All the patients had hemoglobin A1c concentrations between 7.5% and 10.5% and fasting blood glucose concentrations of 6.7 mmol/L or more despite being on stable doses of oral antidiabetic agents.
Most patients in both groups remained on metformin (74% to 76%) and glimepiride (Amaryl, 93% to 94%) throughout the trial.
After 44 weeks of treatment, mean hemoglobin A1c decreased from 8.7% to 7.0% in the insulin glargine group and from 8.7% to 6.8% in the insulin lispro group (P<0.0001 for both).
The similar adjusted mean change between groups met criteria for noninferiority in both the per protocol and intent-to-treat analyses (0.137% difference, 95% CI -0.022 to 0.297, P=0.0908).
Despite the debate about whether fasting or postprandial blood glucose concentrations have a greater effect on hemoglobin A1c, the researchers said, "our data suggest that the reduction of hemoglobin A1c is more dependent on targeted insulin therapy per se rather than on a specific glucose profile."
As expected, though, insulin glargine reduced nocturnal blood glucose and morning fasting glucose better whereas postprandial glucose levels were better with insulin lispro.
More patients in the insulin lispro group than in the insulin glargine group reached hemoglobin A1c targets, including:
7% or less (69% versus 57%)
6.5% to 7% (30% versus 27%)
Less than 6.5% (38% versus 30%)
But more patients reached target fasting blood glucose concentrations of 5.5 mmol/L or less with insulin glargine than with insulin lispro by the end of the study (35% versus 5% in the intent-to-treat analysis, P<0.0001).
Insulin lispro better controlled postprandial blood glucose throughout the day (P<0.0001).
Hypoglycemia events were substantially less common with insulin glargine than with insulin lispro (4.27 versus 19.46 per patient, P<0.0001), although severe events were not significantly different between groups.
Weight gain from baseline tended to be lower with insulin glargine (3.01 versus 3.54 kg, P=0.23).
While patients in both groups reported a fairly high level of satisfaction with treatment, insulin glargine-treated patients had significantly greater increases in satisfaction than lispro-treated patients (P<0.0001).

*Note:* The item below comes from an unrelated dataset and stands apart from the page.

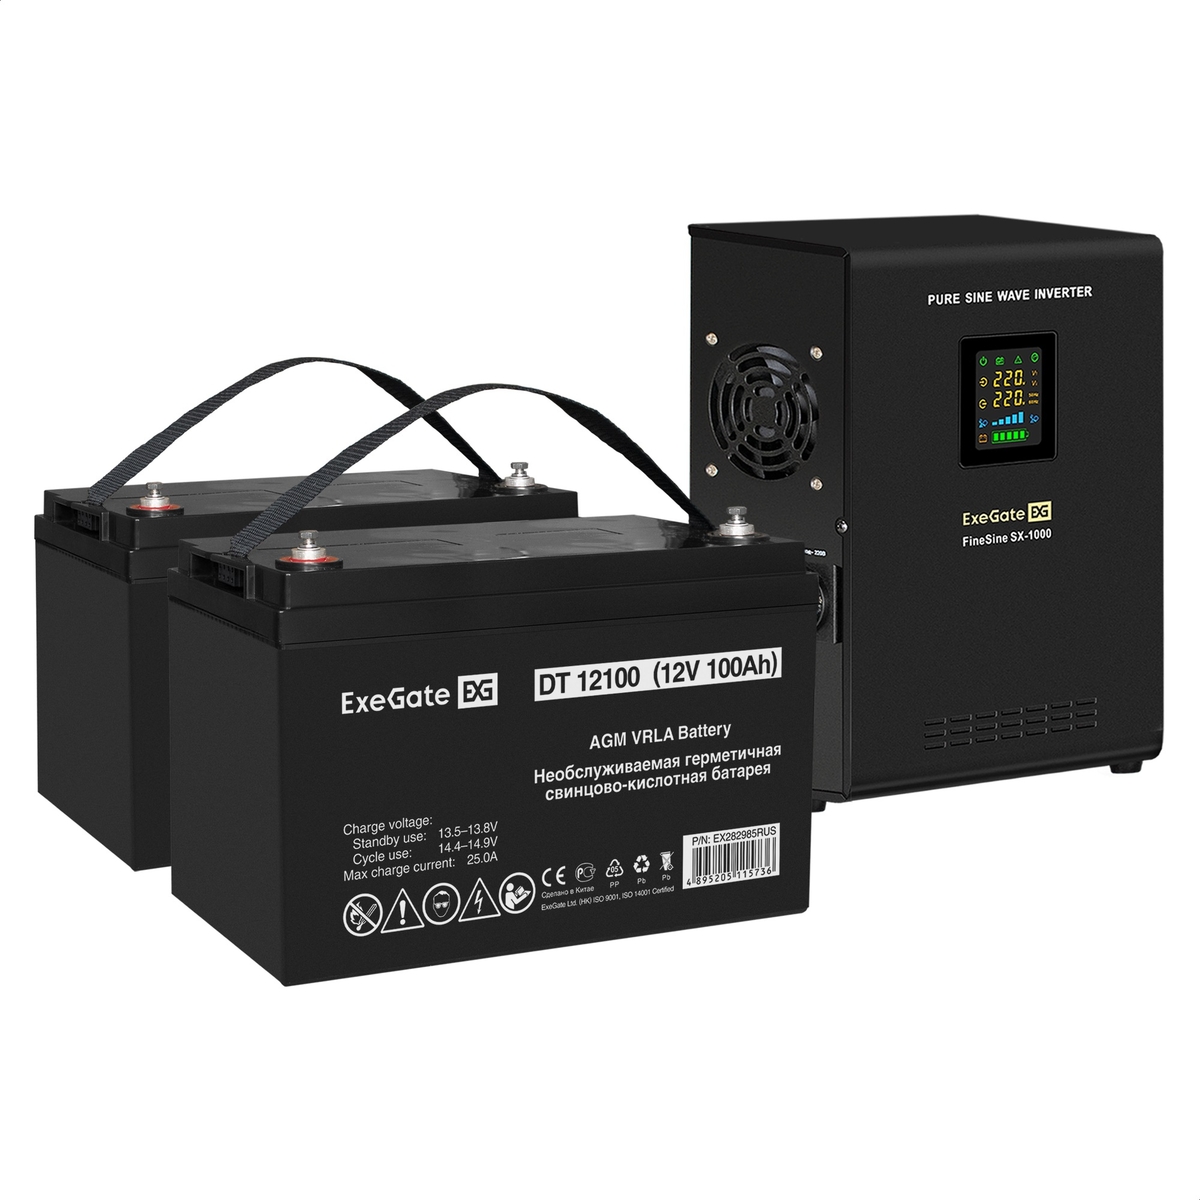 UPS set EX295997 + battery 100Ah EX282985 1 piece

Notably, satisfaction scores related to convenience of treatment worsened in the lispro group compared with baseline but improved in the glargine group.
These advantages for insulin glargine may help poorly controlled patients accept making a timely shift from oral agents alone to the addition of insulin, the researchers concluded.

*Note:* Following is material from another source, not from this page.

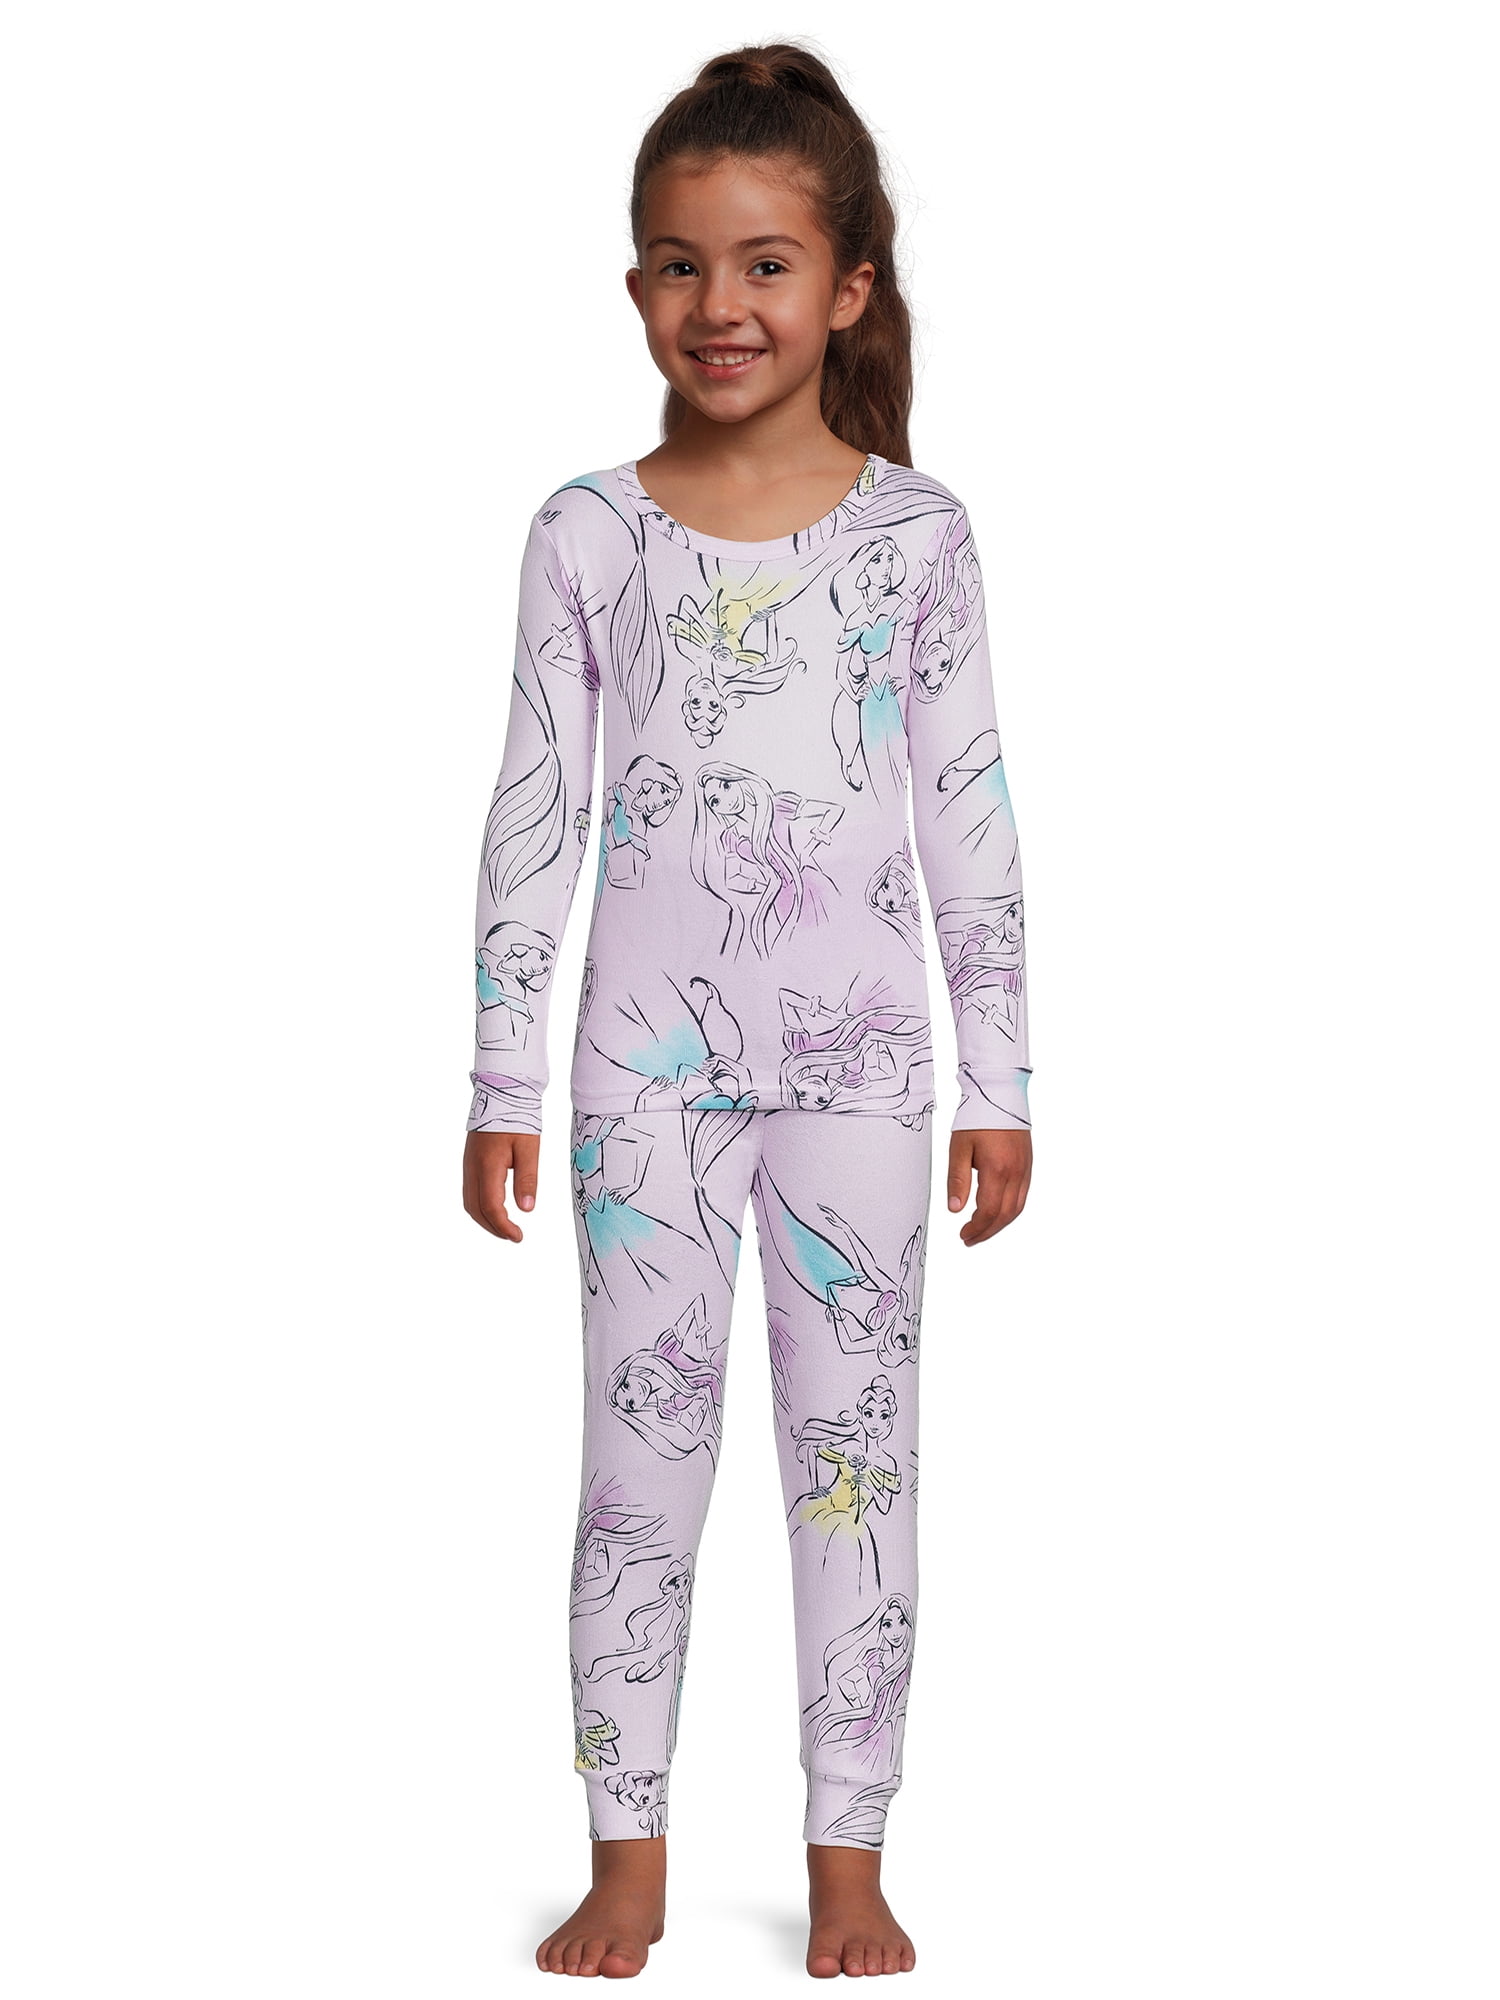 Disney Princess Baby Girl 2pcs Character Print Long-sleeve Top and Leggings  Set

The study was funded by sanofi-aventis, which makes insulin glargine.
Dr. Linn reported receiving an unrestricted research grant from sanofi-aventis. His co-authors reported conflicts of interest for sanofi-aventis, Bayer, Develogen, GlaxoSmithKline, Lilly, MSD, Novo Nordisk, Pfizer, Roche, and Novartis. One of the authors reported holding a copyright for the diabetes treatment satisfaction questionnaire and being director of Health
Psychology Research that licenses questionnaires to pharmaceutical companies.
Dr. Kudva reported receiving funding for a research trial from sanofi-aventis. Dr. Montori declared no conflicts of interest.

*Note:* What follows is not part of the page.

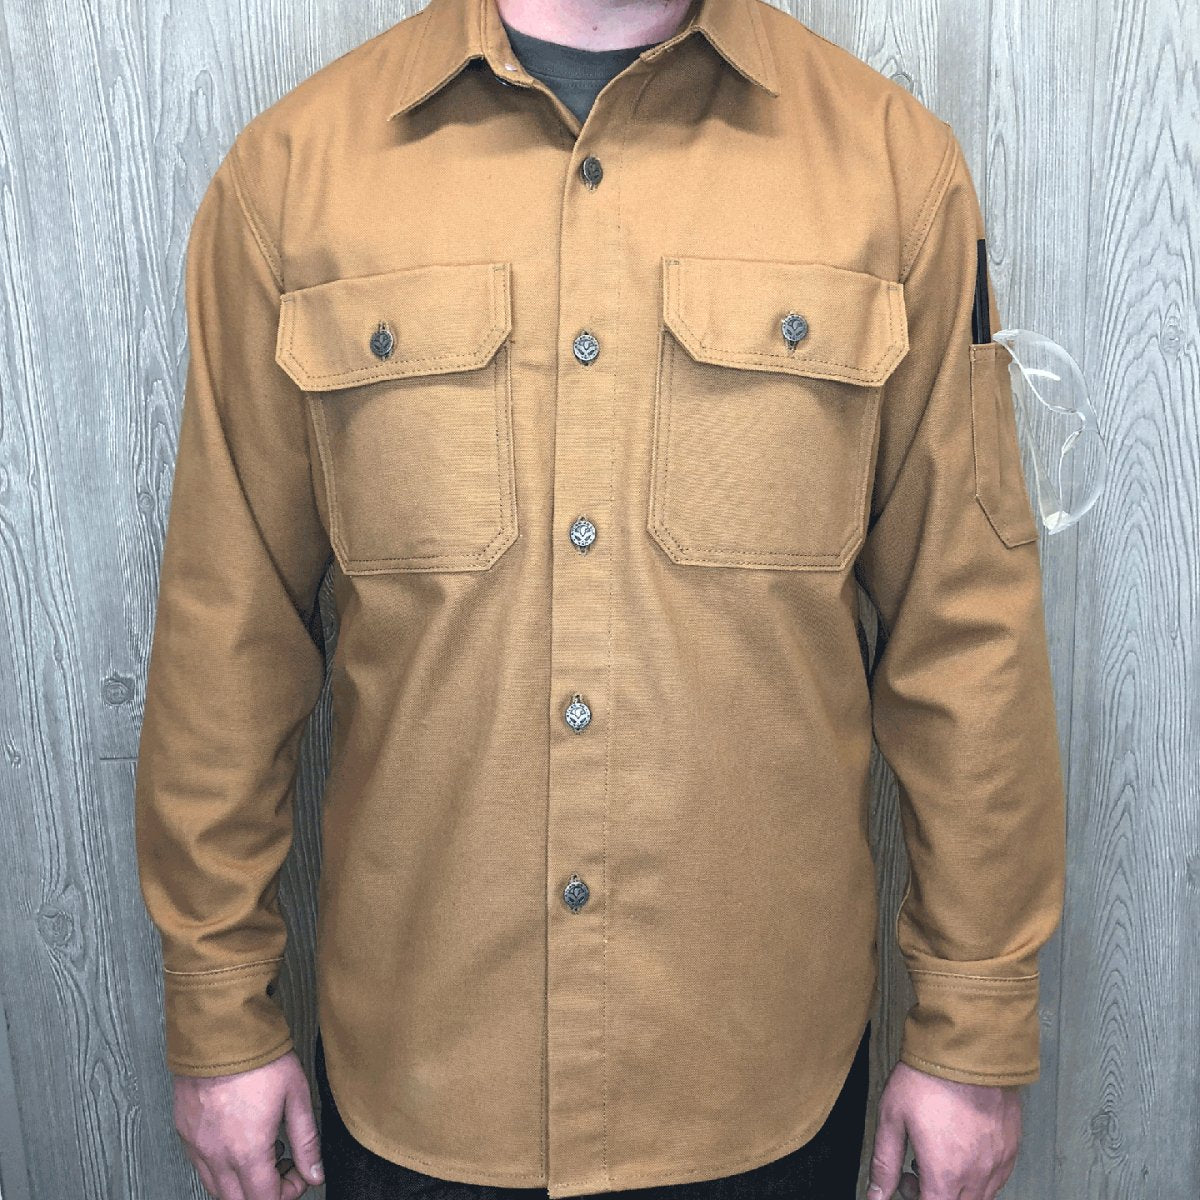 Huntington Layering Work Shirt | Atlas46 | A247 Gear

Primary source: The LancetSource reference:Bretzel RG, et al "Once-daily basal insulin glargine versus thrice-daily prandial insulin lispro in people with type 2 diabetes on oral hypoglycemia agents (APOLLO): An open randomized controlled trial" Lancet 2008; 371: 1073-84. Additional source: The LancetSource reference: Kudva YC, Montori VM "Patient-centered treatments for type 2 diabetes" Lancet 2008; 371: 1047-48.